Friday 17 June 2022

Wind Rose - Warfront (2022)

Country: Italy
Style: Folk/Power Metal
Rating: 8/10
Release Date: 10 Jun 2022
Sites: Bandcamp | Facebook | Instagram | Metal Archives | Official Website | Twitter | YouTube

Here's a surprise for me, substituting for what I'd planned to review today because, well, it wasn't up to snuff and I have no interest in being a hatchet man critic. My job at Apocalypse Later is based in discovery and this album was a discovery for me as it may be for you. Wind Rose hail from Pisa in Tuscany—yes, that Pisa—and they play power metal. This is their fifth album and the highest rated of them at Metal Archives, albeit with only one review thus far. They apparently started out with a more progressive form of power metal but gradually shifted into a more epic folk/power hybrid.

Frankly, I could also see the Viking metal label being thrown at them too, even if they're a little far south in Italy to be considered Vikings. The Mediterranean is rather different in temperature from the Baltic or the North Sea, after all. To me, this is power metal that's constantly underpinned by folk melodies and delivered in a rough but melodic singalong style by male voices that could easily belong to people wearing horned helmets, not that Vikings ever did, of course.

The key to the band's current sound may lie in the bookends to this album. It kicks off with a short two minute intro, Of War and Sorrow, that's epic and instrumental and full of folk elements. Then, fifty odd minutes later, it ends with Tomorrow Has Come, all acoustic guitars and hand drums and rough voices in folk harmonies. It underlines the observation that every track here is effectively a different take on Tomorrow Has Come, just heavied up, as indeed this one becomes around three and a half minutes in.

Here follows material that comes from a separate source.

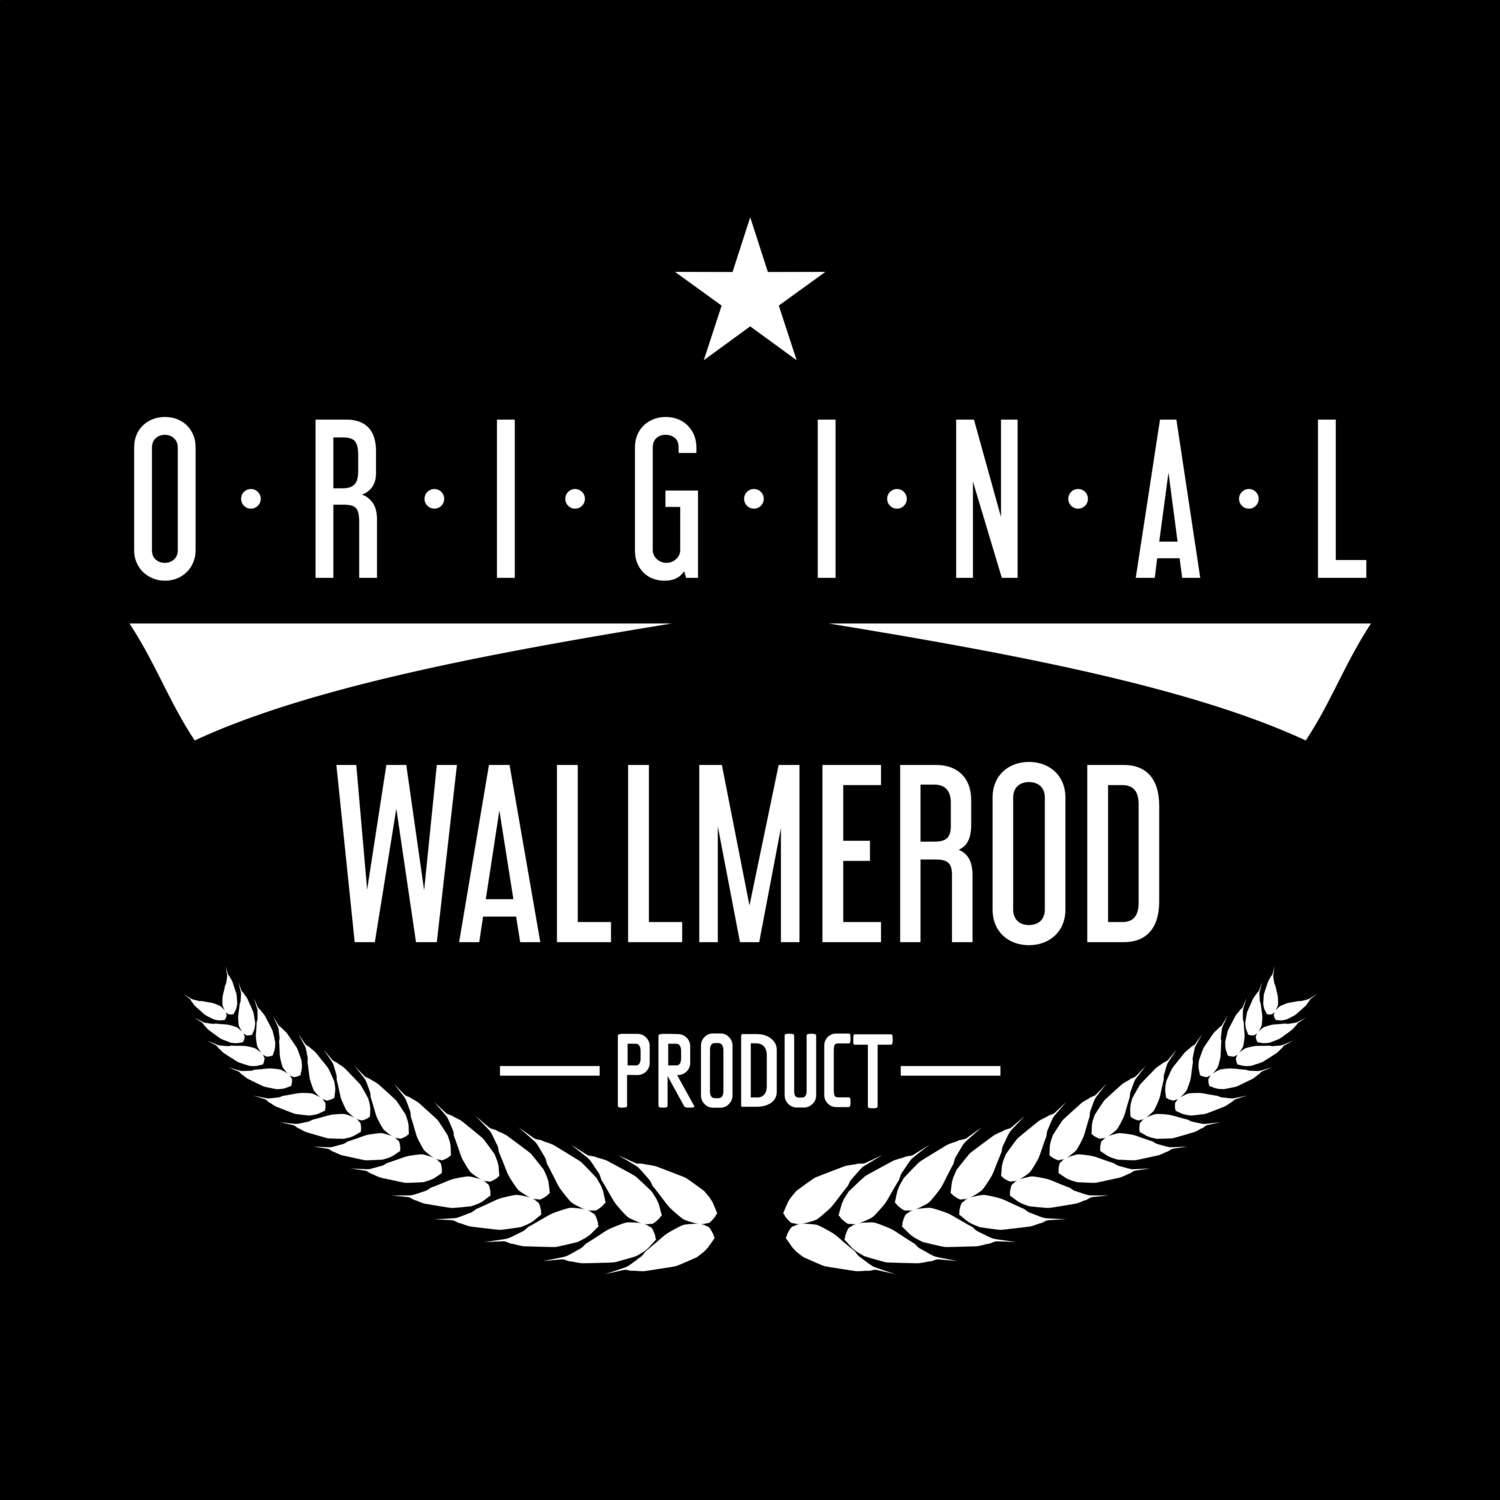 Wallmerod T-Shirt »Original Product«

Sabaton surely have to be thrown out as a comparison, but with that Viking edge, as the vocals are rougher but just as melodic and singalong. Like Sabaton, they're singing about war but with more of a participatory mindset and they're doing it in in the form of shanties and folk epics. Draw a line from Alestorm to Sabaton and you'll find Wind Rose perhaps three quarters of the way over to the Swedes, having shorn the silliness and swearing but keeping the drunken singalongs.

And everything here feels like a drunken singalong, not in the sense that Francesco Cavalieri slurs his delivery, but because the setting is so inherent in the music that we can't help but imagine him singing in a oaken alehouse. In fact, he isn't just there, but standing behind an oaken trestle table with a large stein of beer in his hand and his cohorts singing along next to him. The folk aspects do underline all this too, because these songs are surely as good companions as that beer and just as inviting. When they're heavy, they're comrades in arms on the road. When they calm down, like in late sections of Army of Stone, they're warm pubs with blazing fires and buxom barmaids.

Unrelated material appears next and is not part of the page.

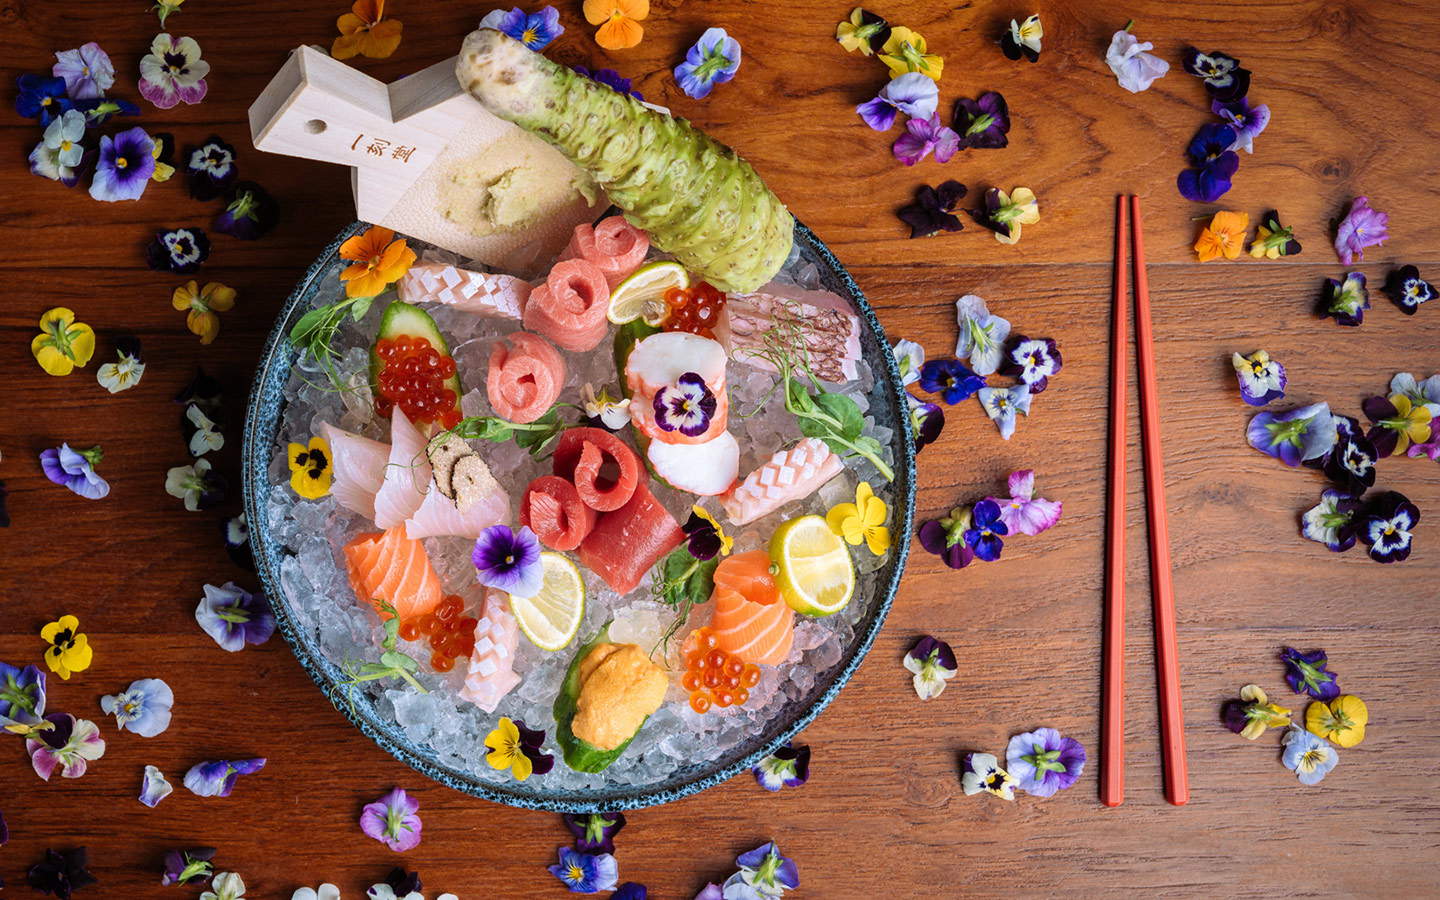 Komodo's nigiri special, decorated with colorful pansies

If it wasn't for that implicit welcome, the downside to this album would be that there isn't a lot of variety here. Frankly, if you like any one track here, you're going to like every one of them because they're all of a similar mindset. They don't tread exactly the same ground, though, and not one of them outstays the welcome, which is why the potential downside turns out to be one of its biggest successes.

In fact, I'll go a heck of a step beyond that. Every song is worthy on its own merits and could easily count as the track you'd want to play to catch a friend up in what this album is. I listened through a third time specifically with that in mind and it's so consistent that I simply couldn't pick one. It was always the one I was listening to at any particular moment in time, whichever one that happened to be. What's more, every time I thought maybe not this one, it would do something to enforce its place at the top of my list.

Maybe I feel reasonably safe in placing I am the Mountain just a little below the rest and it's hard to compare the closer to the rest because of two thirds of it being acoustic. So the highlight would be one of the first seven songs proper, from Army of Stone to The Battle of the Five Armies, and an acknowledgement like that means that this has to be a 8/10 with thoughts of going up to a rarely awarded but much coveted 9/10s. I've only given out two this year thus far and this is the closest I can remember of making that three, but I think the ruthless consistency of 90% of the album and a slight shift for the rest blocks that. Rating aside, grab some bottles of mead, some drinking horns and a bevy of friends and you'll have a grand old time with this. Slainte!